Results on the quantitative mu-calculus qMu

TL;DR

This paper establishes the equivalence between the logical and operational interpretations of the quantitative mu-calculus (qMu) for finite-state systems, demonstrating its practical utility and extending game-theoretic results.

Contribution

It introduces a game-based semantics for qMu, proving equivalence with logical interpretation and extending Everett's game results to nested qMu formulas.

Findings

Logical and game-based interpretations are equivalent for finite-state qMu.

Fixed-point and strategy existence are proven for all nested qMu formulas.
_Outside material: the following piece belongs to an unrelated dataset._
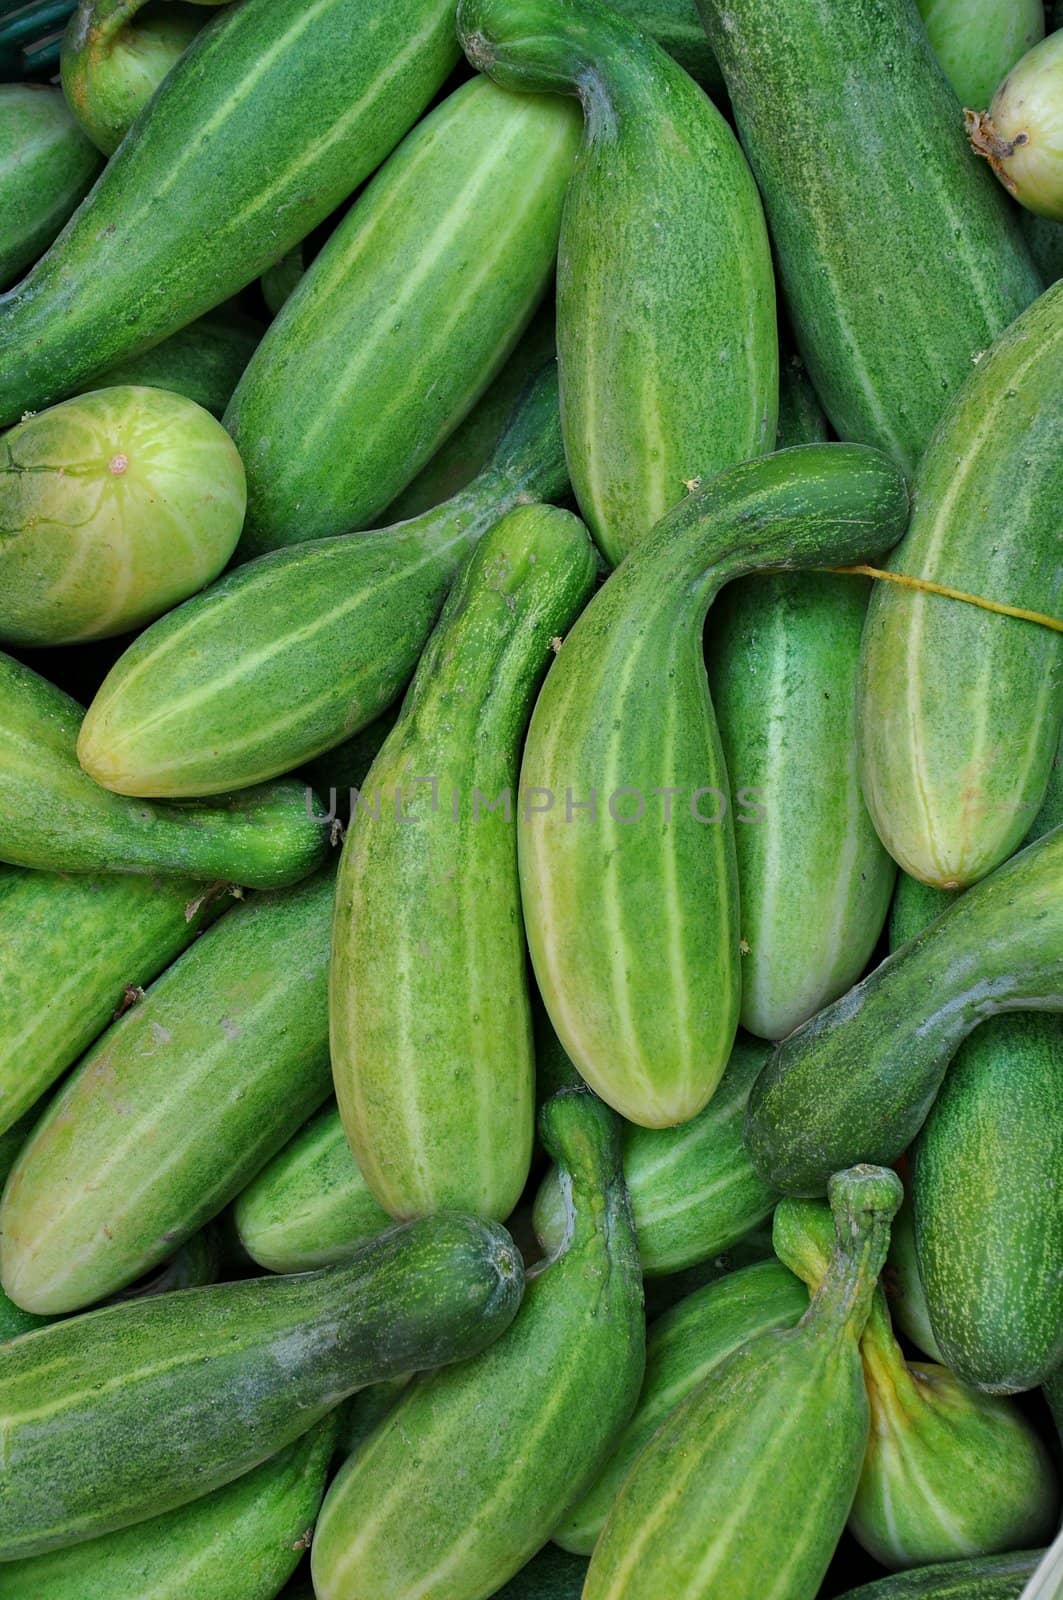 Cucumbers by phanlop88

The approach provides a practical tool for specifying probabilistic transition systems.

Abstract

The mu-calculus is a powerful tool for specifying and verifying transition systems, including those with both demonic and angelic choice; its quantitative generalisation qMu extends that to probabilistic choice. We show that for a finite-state system the logical interpretation of qMu, via fixed-points in a domain of real-valued functions into [0,1], is equivalent to an operational interpretation given as a turn-based gambling game between two players. The logical interpretation provides direct access to axioms, laws and meta-theorems. The operational, game- based interpretation aids the intuition and continues in the more general context to provide a surprisingly practical specification tool. A corollary of our proofs is an extension of Everett's singly-nested games result in the finite turn-based case: we prove well-definedness of the minimax value, and existence of fixed memoriless strategies, for all qMu games/formulae, of arbitrary (including alternating) nesting structure.